Alternatively, OHRP may wish to consider utilizing the 45 CFR 46.101(i) secretarial waiver. This section of the regulations states, “Unless otherwise required by law, department or agency heads may waive the applicability of some or all of the provisions of this policy to specific research activities or classes or research activities otherwise covered by this policy.” OHRP could waive the applicability of the consent requirements to recruitment activities, and instead of requiring consent or a waiver of consent, adopt the FDA guidance statements regarding the ethical standards for recruitment activities.

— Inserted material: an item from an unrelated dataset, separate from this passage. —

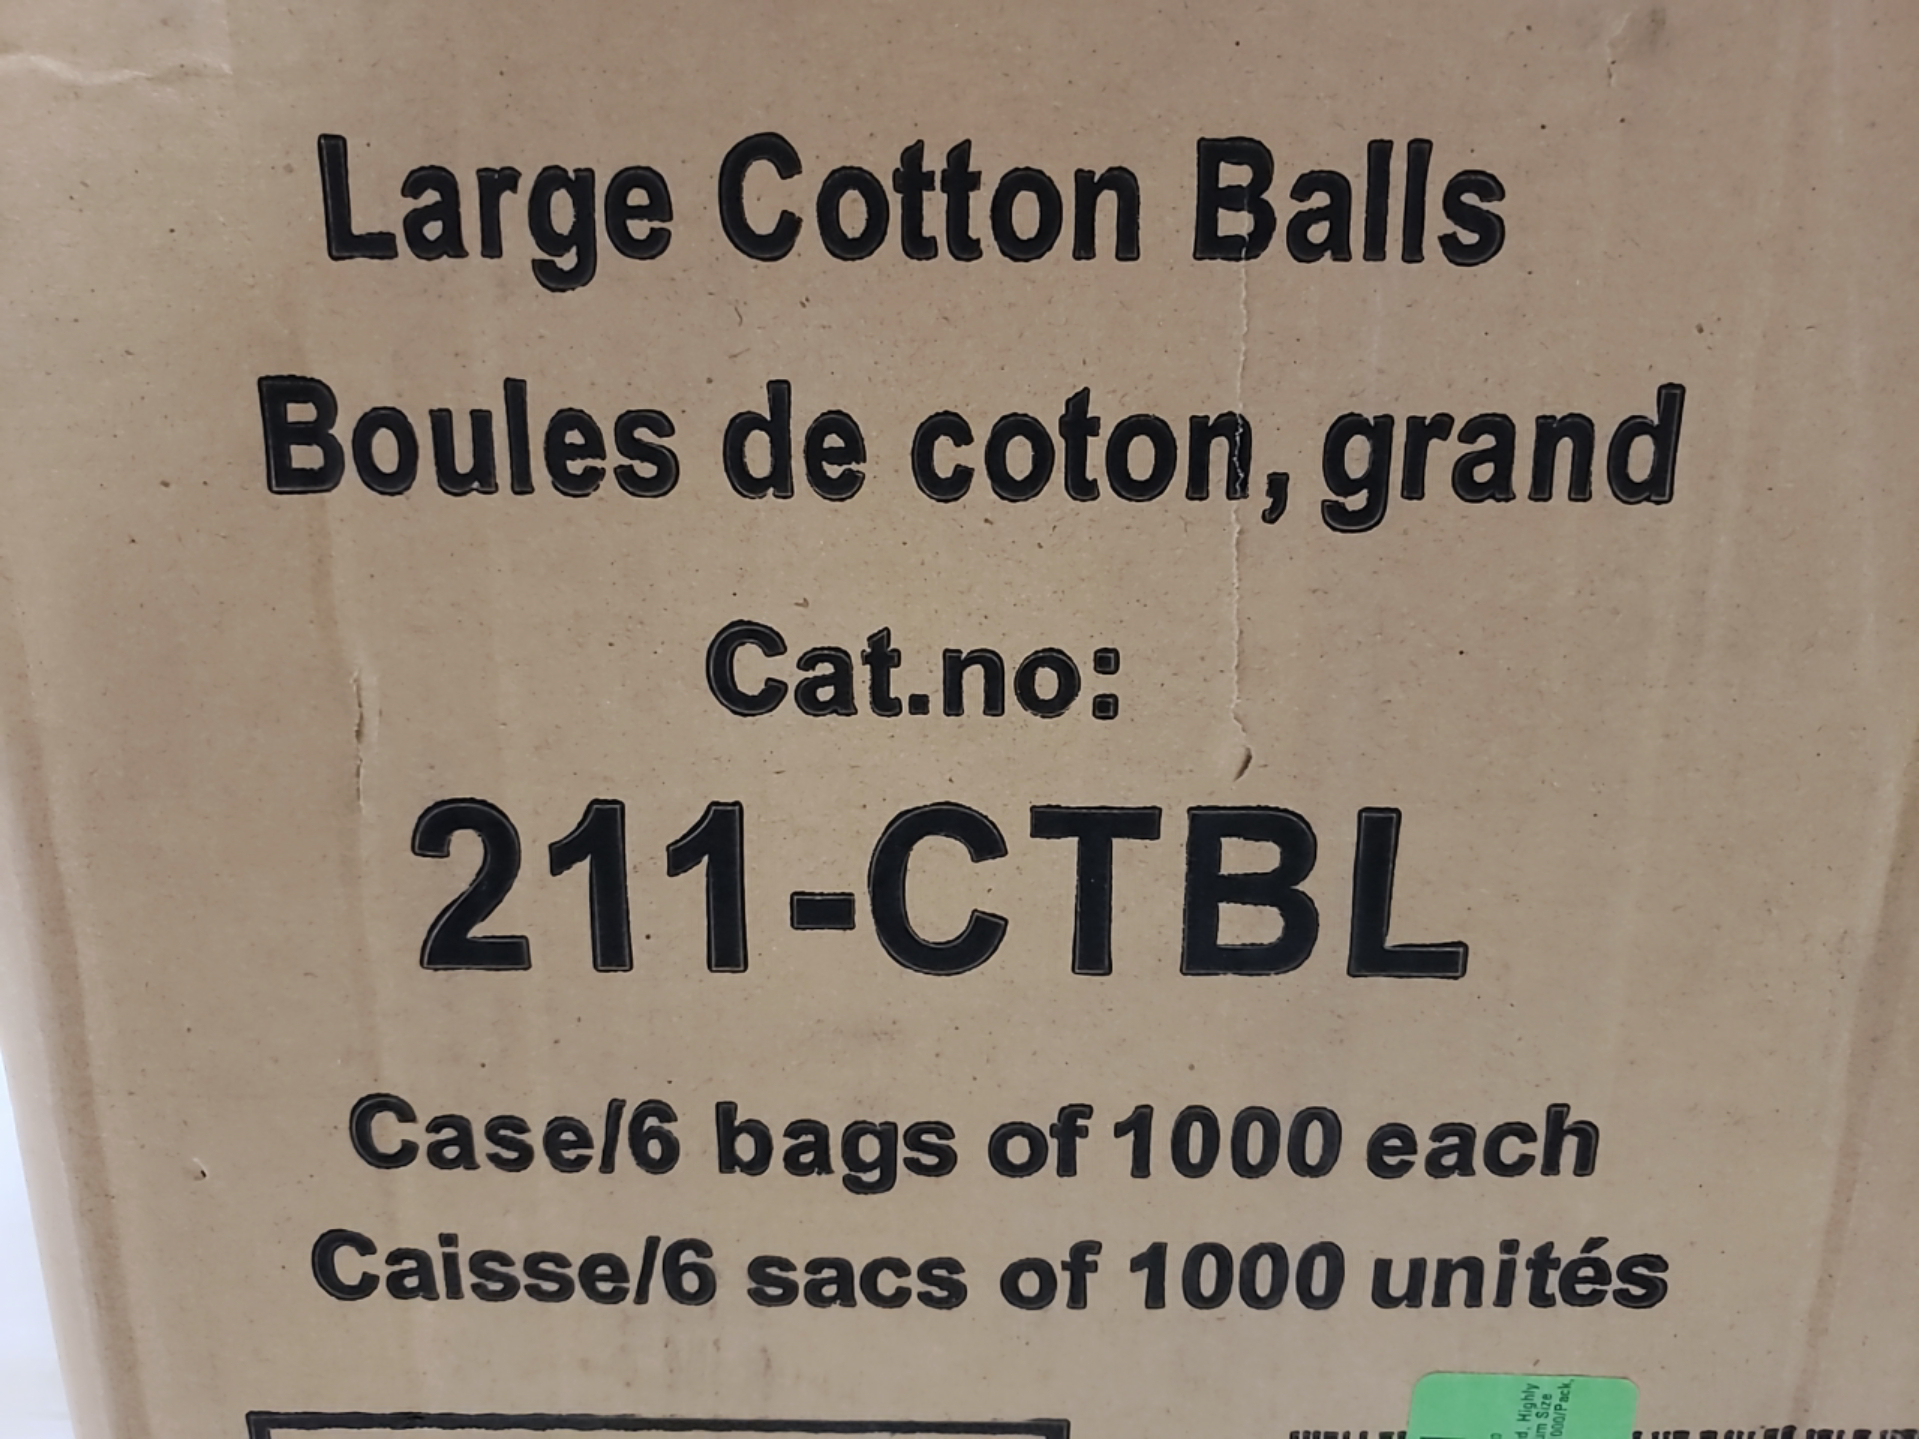 Large Non-Sterile Cotton Balls, 1000/Bag

SACHRP recommends that OHRP and FDA should take the necessary steps to issue a single joint guidance on recruitment of subjects so that IRBs have a single source of information regarding the agencies’ viewpoint on this issue. This will reduce administrative burden on IRBs and ease compliance requirements. SACHRP recommends that OHRP should adopt the FDA approach to this issue as exemplified in FDA’s guidance and take steps necessary to interpret the Common Rule so that this is possible. The joint guidance should clearly indicate that it applies equally to social, behavioral, and educational research, as well as medical research. The regulatory criterion for equitable selection of subjects should be addressed in the guidance. To the extent possible, OHRP, FDA, and OCR should also consider what activities must be performed due to the HIPAA Privacy Rule, and to what extent harmonization of interpretation can be implemented. Finally, OHRP and FDA should consider whether it would be useful to note in the guidance that other laws and regulations addressing recruitment activities might apply to the research, such as FERPA.